В комнате стоял тот особенный, кислый, кожаный запах, который бывает у горцев. На полу на бурке, у окна, сидел кривой рыжий Гамзало, в оборванном, засаленном бешмете, и вязал уздечку. Он что‑то горячо говорил своим хриплым голосом, но при входе Лорис‑Меликова тотчас же замолчал и, не обращая на него внимания, продолжал свое дело. Против него стоял веселый Хан‑Магома и, скаля белые зубы и блестя черными, без ресниц, глазами, повторял все одно и то же. Красавец Элдар, засучив рукава на своих сильных руках, оттирал подпруги подвешенного на гвозде седла. Ханефи, главного работника и заведующего хозяйством, не было в комнате. Он на кухне варил обед.
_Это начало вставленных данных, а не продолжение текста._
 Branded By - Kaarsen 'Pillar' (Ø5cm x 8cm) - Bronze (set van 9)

– О чем это вы спорили? – спросил Лорис‑Меликов у Хан‑Магомы, поздоровавшись с ним.
– А он все Шамиля хвалит, – сказал Хан‑Магома, подавая руку Лорису. – Говорит, Шамиль – большой человек. И ученый, и святой, и джигит.
– Как же он от него ушел, а все хвалит?
– Ушел, а хвалит, – скаля зубы и блестя глазами, проговорил Хан‑Магома.
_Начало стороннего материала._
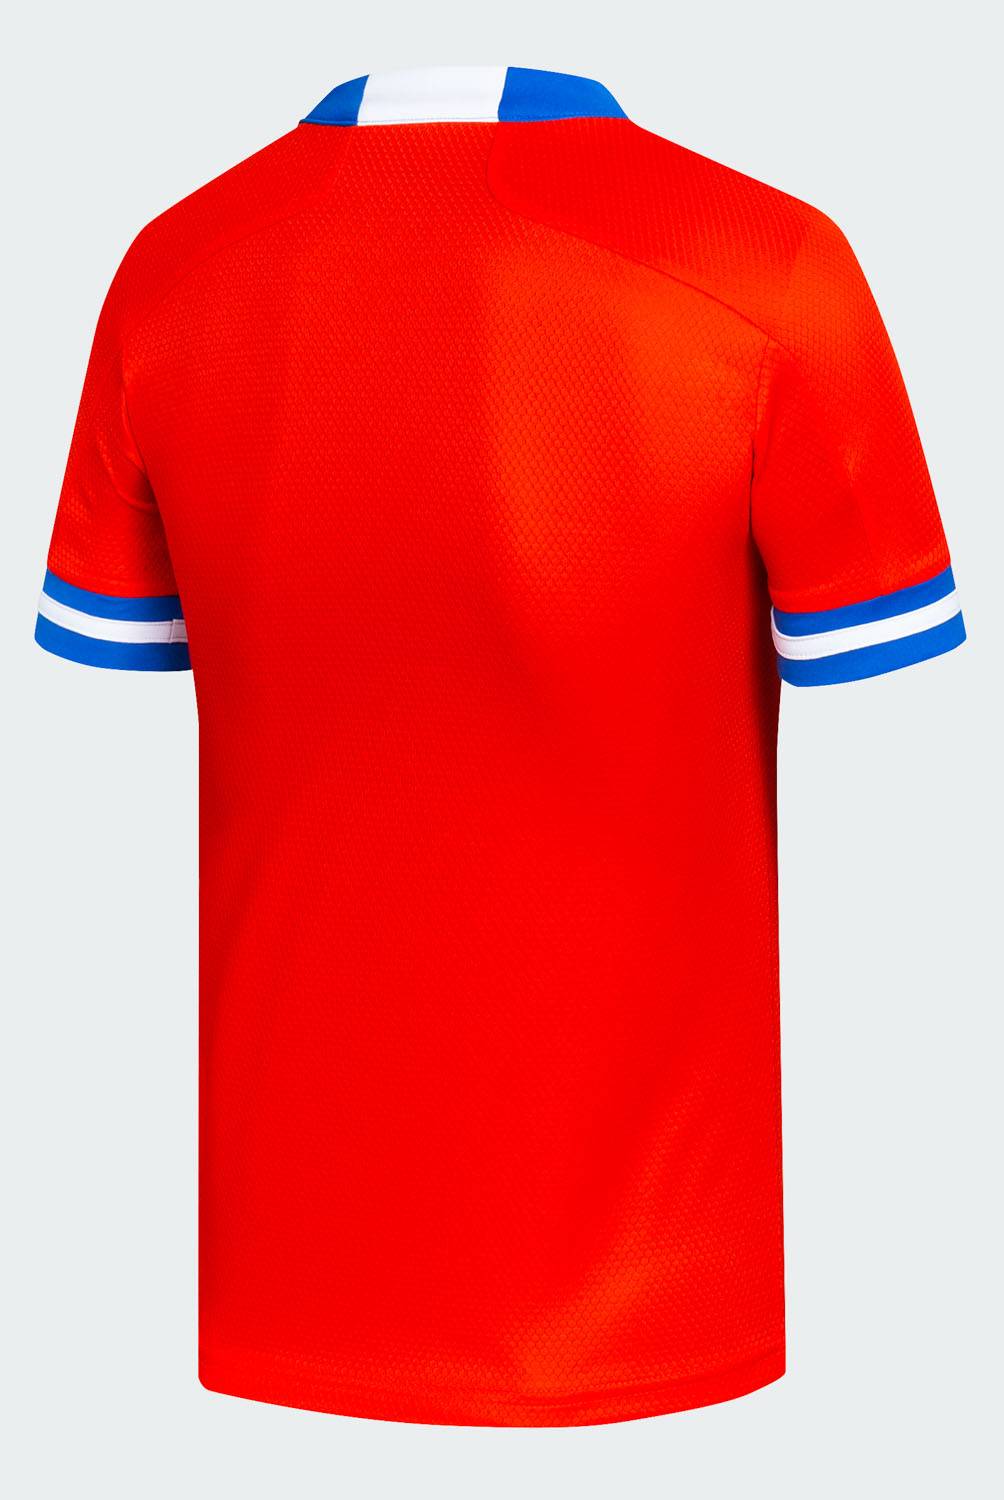 Adidas - Adidas Camiseta de Fútbol Selección Chilena Niño

– Что же, и считаешь его святым? – спросил Лорис‑Меликов.
– Кабы не был святой, народ бы не слушал его, – быстро проговорил Гамзало.
– Святой был не Шамиль, а Мансур, – сказал Хан‑Магома. – Это был настоящий святой. Когда он был имамом, весь народ был другой. Он ездил по аулам, и народ выходил к нему, целовал полы его черкески и каялся в грехах, и клялся не делать дурного. Старики говорили: тогда все люди жили, как святые, – не курили, не пили, не пропускали молитвы, обиды прощали друг другу, даже кровь прощали. Тогда деньги и вещи, как находили, привязывали на шесты и ставили на дорогах. Тогда и бог давал успеха народу во всем, а не так, как теперь, – говорил Хан‑Магома.
– И теперь в горах не пьют и не курят, – сказал Гамзало.
– Ламорой твой Шамиль, – сказал Хан‑Магома, подмигивая Лорис‑Меликову.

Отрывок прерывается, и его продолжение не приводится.